Tuesday, May 3, 2011

We can be free and insure our children; indeed, we can't be if we don't


I recently responded to an email equating life in a more progressive society with communism:

"So if you want to imagine what life will be like when the central planners and experts get complete control, just imagine being in the army for the rest of your life, with no chance to ever leave it :)"

I will try to remember that the next time I step outside, considering I live in a country now that has all the things "progressive say they want" and the contrast between Switzerland and the military could not be greater.   All the countries of Western Europe - and I have visited or lived in most of them - have universal healthcare and the idea that this leads inevitably to loss of freedom or stagnation of economic growth is beyond ludicrous.  If there is an exodus of French, Germans, or Swiss fleeing for the United States, I must have completely missed it.  No chains, no camps, no gulags.   Just healthier children and citizens and no risk of losing everything you ever worked for because you get sick between jobs.    On every parameter from infant mortality to teen pregnancy to life expectancy at birth, countries with universal healthcare do far better than we do.  Our own CIA (the same one who just killed Osama bin Laden) ranked us 49th in the world in life expectancy.   49th.
The Commonwealth Fund recently put out a survey of 7 leading countries and where do you think we ranked?  Dead last.   Although we were #1 in one category:  spending (@ $7,290 per citizen, about twice what the other surveyed countries spend).   They pay less and get more, so if you want to reduce waste, you must support healthcare reform (don't you?).   
There are many sorts of freedom and many forms of tyranny.   Europeans are free from having to save a fortune to send their kids to a private college or take them out of failing public schools or pay thousands a year for a for profit health insurance plan.   They pay more for a Big Mac though and our cell phone plans are a bit cheaper, so I guess there are some advantages to life in America.  Personally, I would rather my child did not die from a treatable illness because some gubment-hater was duped into believing that healthcare reform is a "government takeover of healthcare."  But that's just me.
You are confusing being in uniform and having each minute of your life orchestrated by a government with having to pay a nickel more in taxes each day (if that) but a thousand dollars less a month in private insurance premiums.    I think you're also confusing socialism and communism, but I  have given up trying to educate people on this (they do both end in -ism, after all, and the communists called themselves socialists; avoiding socialism because communists misused the word would be like shunning democracy because East Germany called itself "Democratic.")  

"I must be looking at the wrong government bashing websites.  The ones I look at don't say much about 'doing nothing right', but rather focus on government over-reach and over regulation, and massive, massive overspending."

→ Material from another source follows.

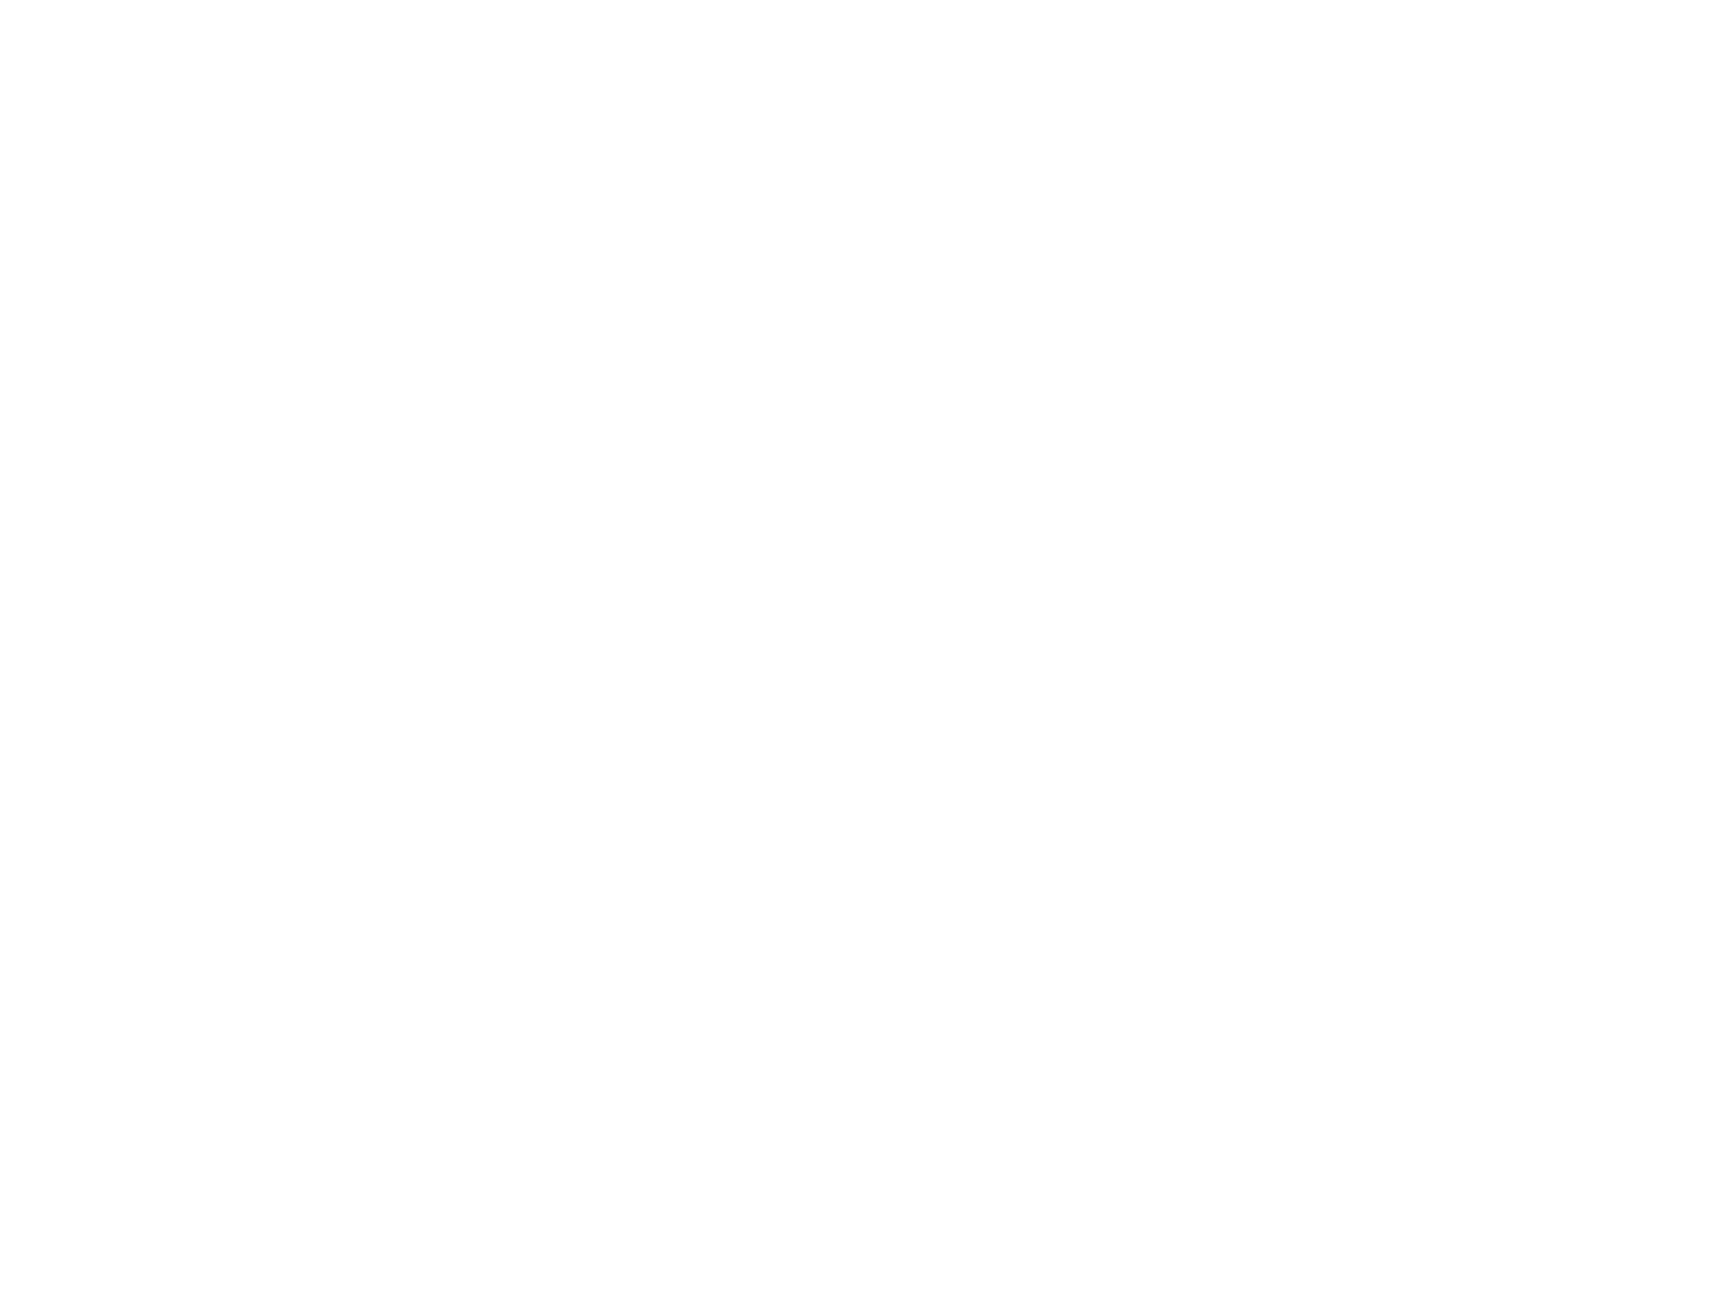 Dr Fareeha

Perhaps you have been out of the country for as long as I have.  Google "Tea Party" or "Koch brothers" or "John Birch Society" (a creation of David Koch's father).   Listen to the pronouncements of the freshmen class of Congress including one of our classmates.  Perhaps Reagan was stuttering when he said that government was not part of the problem, it was the problem.  

Re government over-reach and over-regulation, how does defunding Planned Parenthood, NPR, Head Start, healthcare for 9-11 first responders, or healthcare for poor children, the elderly, and disabled, fit into that scheme?  And I'm not sure increasing government intrusion into the doctor-patient relationship (when the patient is a woman) fits into your libertarian theme anymore than government telling citizens they cannot organize for better working conditions has anything to do with freedom.  
I agree the government, even under Obama, is continuing to deficit spend  (it tends to do that during wars and economic crises such as the one triggered by the deregulation of the smartest guys in the room who brought us the mortgage-backed securities and other job-crushing private initiatives) but I'm not sure I would agree that 5% of GDP is "massive, massive," especially if the deficit was created by a package of tax cuts that cost about 5% of GDP.   If the deficit is "massive, massive" then so are the tax cuts, so thanks for making the case for rolling them back to at least Clinton, if not Reagan, era levels. 
Most government spending is non-discretionary, determined decades ago by legislation, particularly the Great Society programs, and demographics.  You can't plug a 1.5T whole by ignoring 1.5T of tax cuts and defunding $30 or $60 or $90 billion from programs to the poor who did nothing to get us into this mess.   I personally do not mind paying a bit more in taxes so that someone's grandmother does not have to eat cat food or choose between groceries or medicine, or so that returning veterans will have fully-staffed clinics and no veteran will sleep under a bridge one day, but that seems a minority opinion in some circles.  
Let's just all thank the gods that this strike on Osama bin Laden was not outsourced to a private firm but left to professionals whose primary motivation is service to others, not service to self.